Se fossi nata dal ventre di un ghiacciaio non avrei patito così tanto freddo come è stato, invece, essere partorita da mia madre.
Il freddo della mia infanzia è un gelo perenne che d'allora non mi ha più lasciato, me lo sono portata dentro per tutta la vita come una realtà biologica, una tara ereditaria, una devastazione invisibile, tutta interna.
Spesso ho rischiato di distaccarmi dal mondo, a volte, invece, ho lottato anche contro me stessa per riuscire ad avere accesso ai sentimenti.
Perché è questo che comporta il freddo dell'infanzia: l'estraneità ai sentimenti.

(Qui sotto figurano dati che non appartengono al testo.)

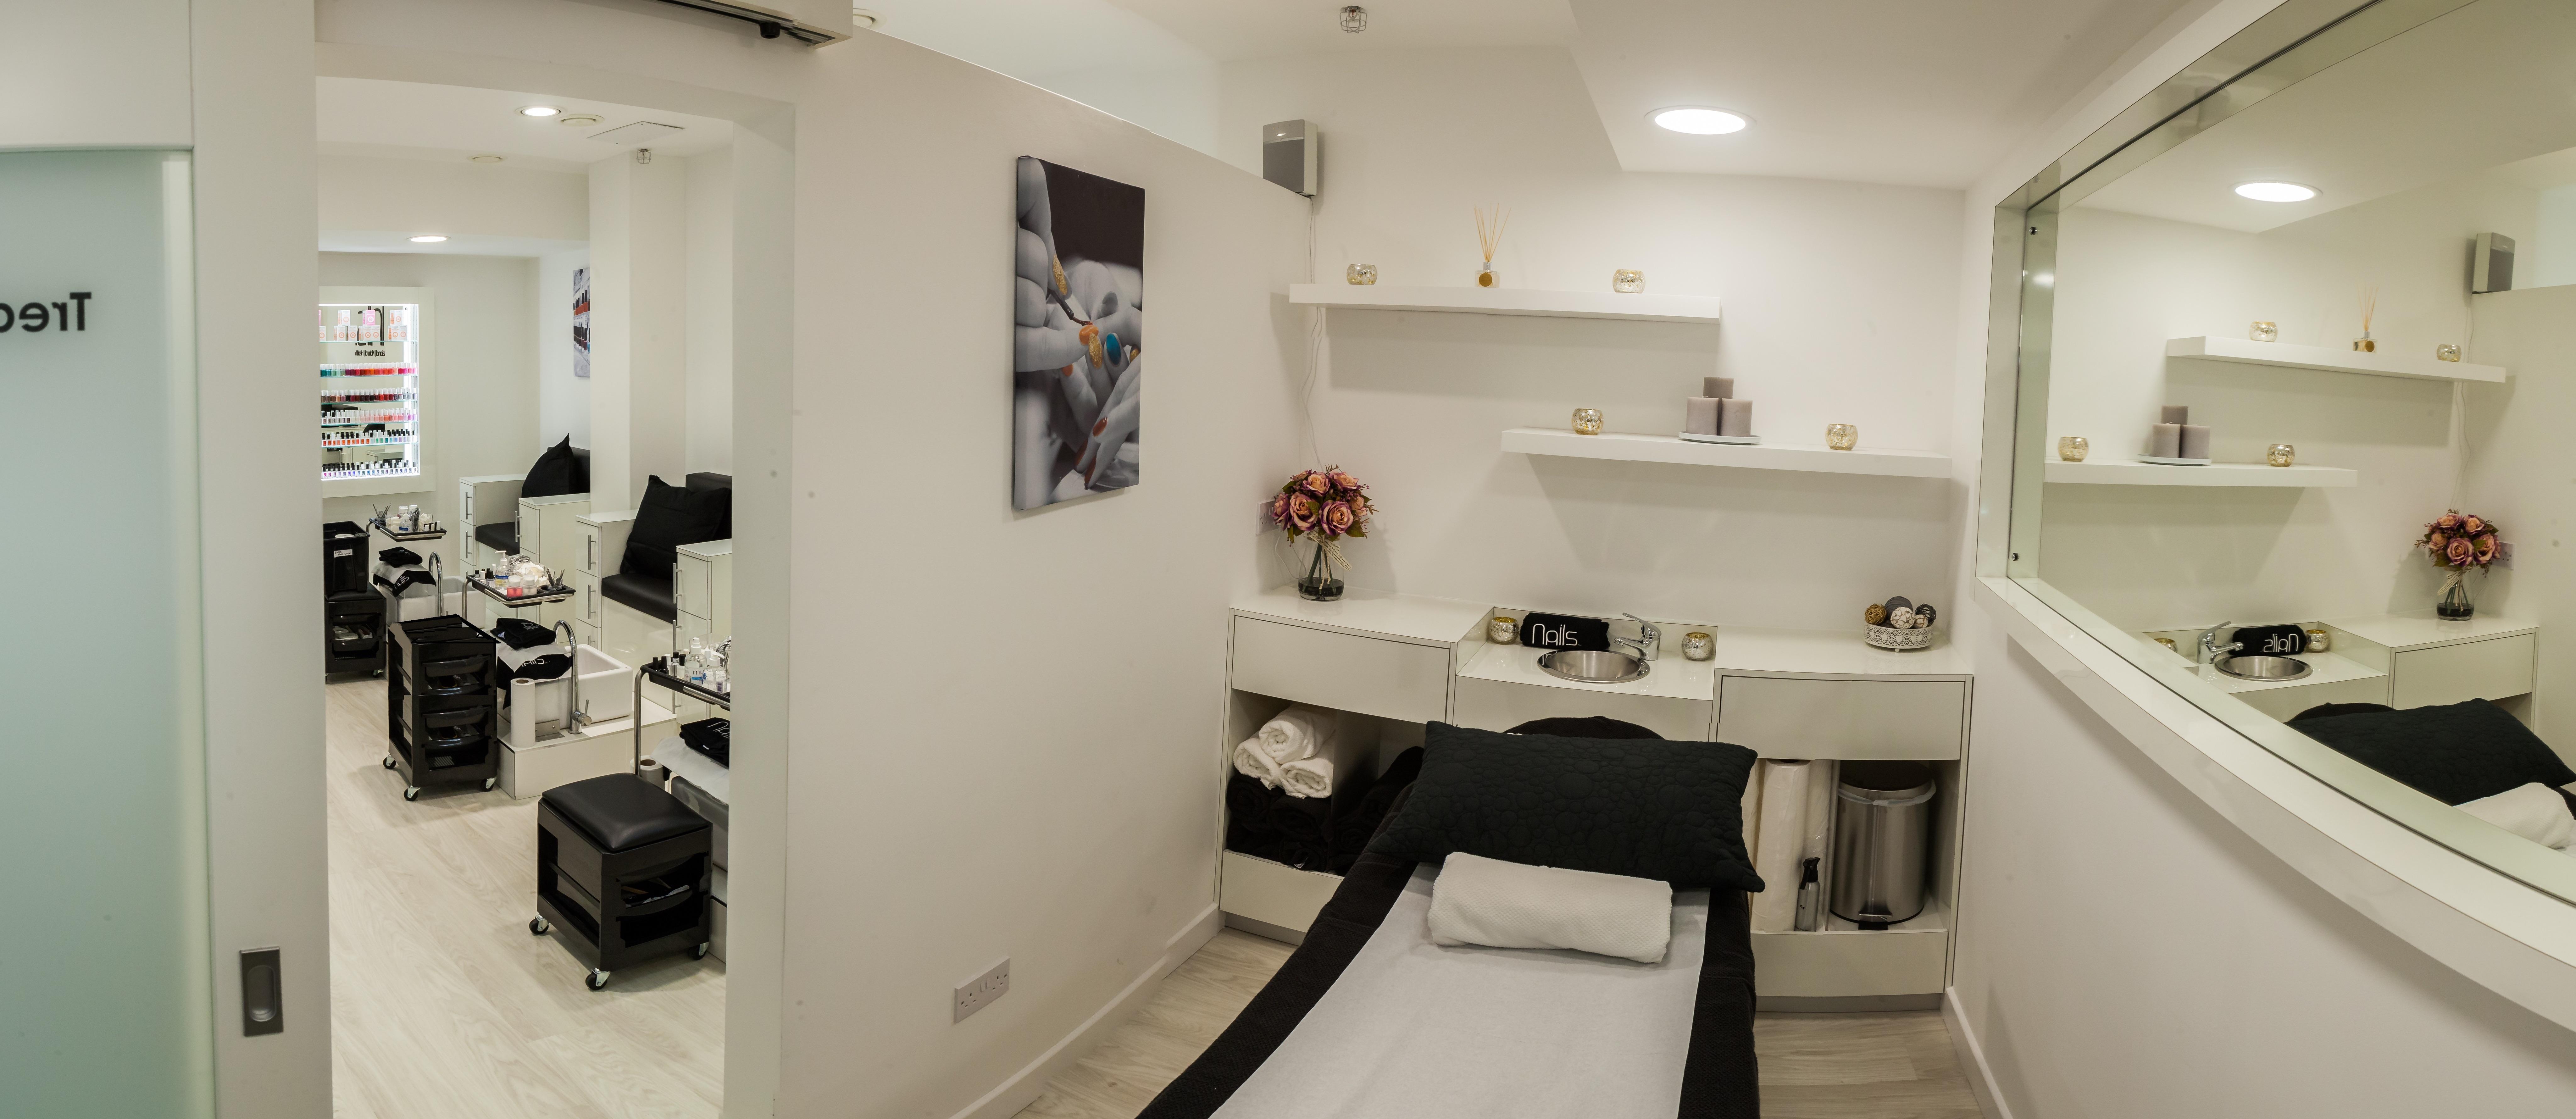 Free Images Room Interior Design Hospital Clinic

Quando è nato mio figlio non riuscivo a pronunciare la parola mamma, mi sembrava una bestemmia sulle mie labbra. I primi tempi della sua nascita non riuscivo, soprattutto in presenza di altri, a stringermelo al petto e soffocarlo con tutta l'irruenza di quell'amore infinito e nuovo, che sentivo eruttare dentro con la violenza di un vulcano in attività. Poi, quando eravamo soli, lo sommergevo con la lava calda e benefica di quel vulcano: spariva inghiottito tra le mie braccia, coperto da tutti quei baci che io forse non ho avuto, e sapevo che per lui non aveva nessuna importanza se io non riuscivo a pronunciare la parola mamma, perchè, ne ero sicura, sentiva il mio calore e il mio odore.
Mamma, è un luogo in cui avere la certezza di trovare rifugio.
Ogni volta che la vado a trovare porto sempre con me un pò di quella cenere bollente di vulcano per scaldare l'antro, buio e freddo, del suo alzheimer, e la cullo tra le braccia per farle sentire il mio calore e il mio odore.